The next GOP Senate leader must reform a broken institution



mcconnellmitch 091724gn01 w

There is a battle brewing over who will succeed Sen. Mitch McConnell (R-Ky.) as leader of the Senate Republicans. The fight should be less over personalities and more over how the candidates promise to run the Senate, a broken institution in need of reform.

The battle between Minority Whip John Thune (R-S.D.), Sen. John Cornyn (R-Texas), and possibly also a dark horse candidate such as Sen. Steve Daines (R-Mont.), is intensifying. The Hill reported that Thune announced “that he will transfer $4 million to the National Republican Senatorial Committee to overcome the Senate Democrats’ growing cash advantage.”

Getting Republicans into the majority is important, but equally as important is making sure that the Senate is reformed to reestablish the deliberative nature of the body.

A candidate for Republican leader must pledge to reject bad ideas that will make the Senate less deliberative. Vice President Harris’s recent call to abolish the legislative filibuster to restore abortion rights should be tossed aside. Both Cornyn and Thune have promised to preserve the filibuster, which should warm the hearts of conservatives and back benchers of both parties who relish the opportunity to have a say. Preserving the status quo is the minimum a candidate for GOP leader should promise.

But preserving the status quo is not enough — it would be beneficial to promise to restore the filibuster’s application to nominations. The chamber’s rules do not make a distinction between extended debate on nominations and on legislation. Senate Rule XXII provides for a three-fifths vote to end debate “any time a motion signed by sixteen senators, to bring to a close the debate upon any measure, motion, or other matter before the Senate.” There is no mention of a distinction between debate on legislation and nominations in the standing rules of the Senate.

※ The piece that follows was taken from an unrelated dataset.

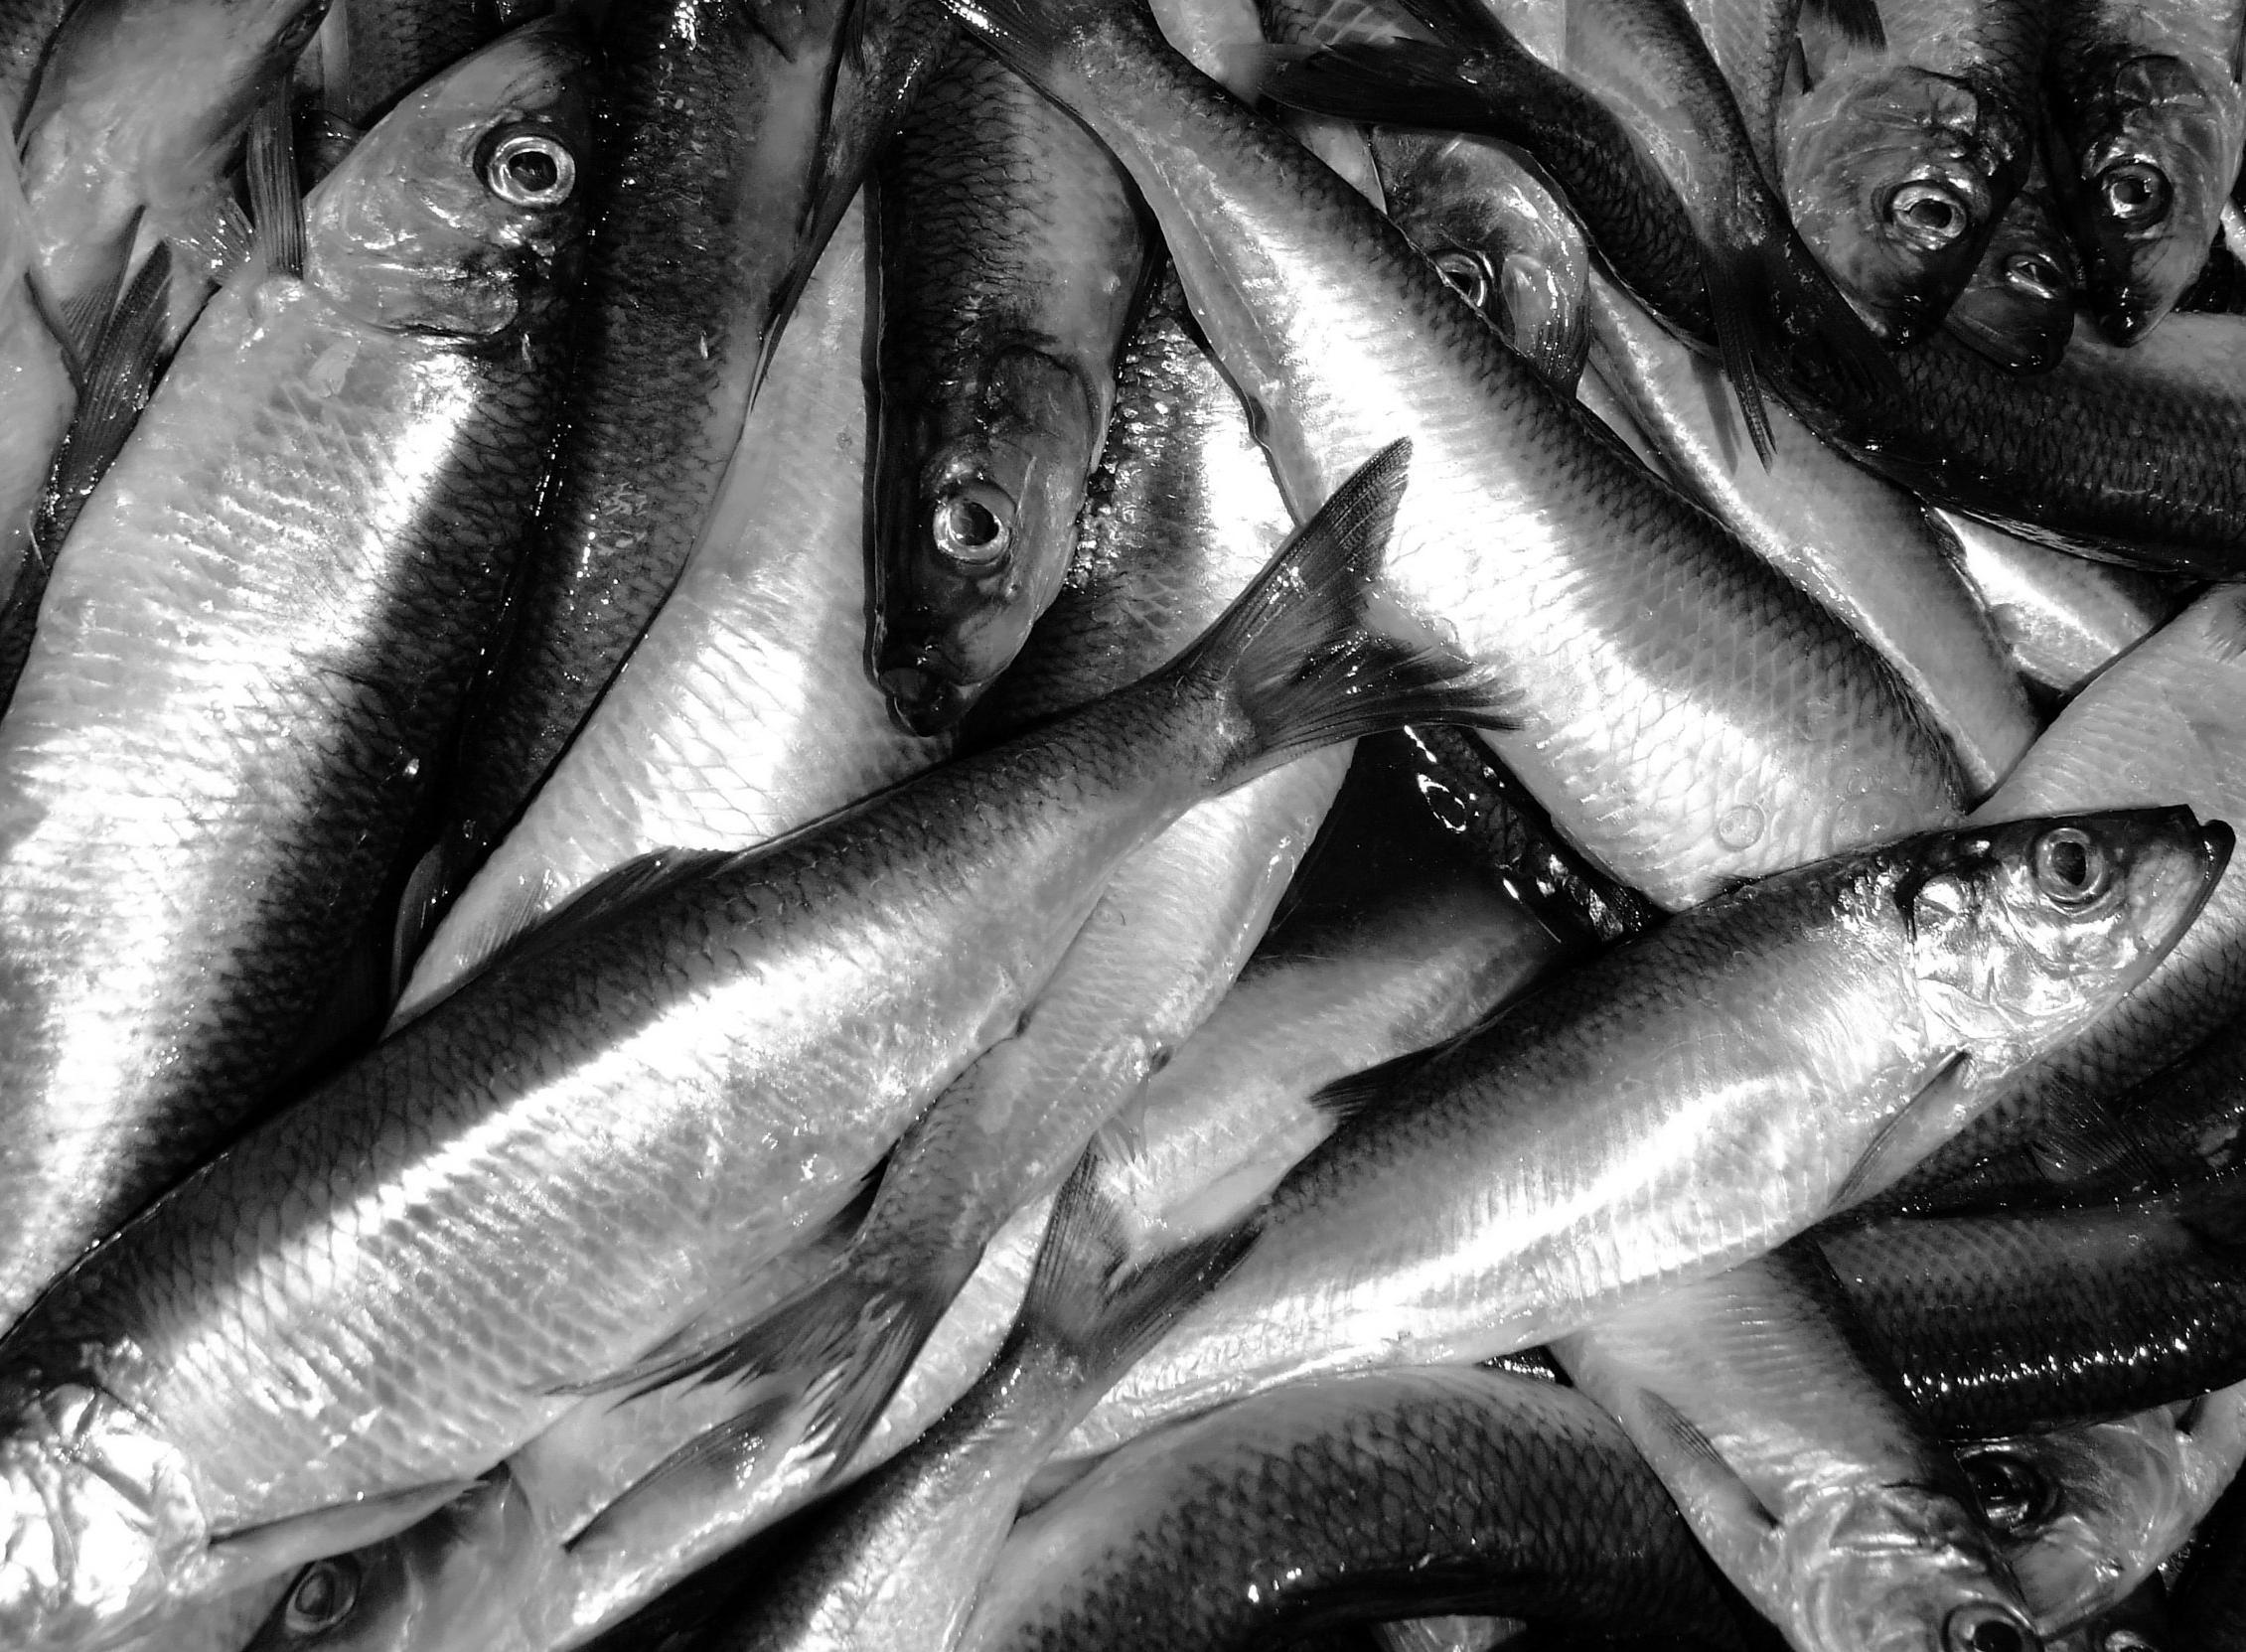 Scotia Garden Seafood Bait

The rules were modified by a bad precedent. In 2013, Democratic Senate Majority Leader Harry Reid raised a point of order to abolish filibusters on nominations (exempting the Supreme Court), claiming they were unconstitutional. This was the so-called “nuclear option,” which chipped away at the filibuster, resulting in further calls to abolish it on legislation. In 2017, McConnell expanded the new nomination rules to include Supreme Court nominations in order to confirm Justice Neil Gorsuch.

Another important reform would be to allow amendments to be offered by senators without the leadership blocking them using a tactic called “filling the tree.” It has become routine for the majority leader to block out amendments to bills. The tactic is a complicated one, but it affects all legislation moving through Congress.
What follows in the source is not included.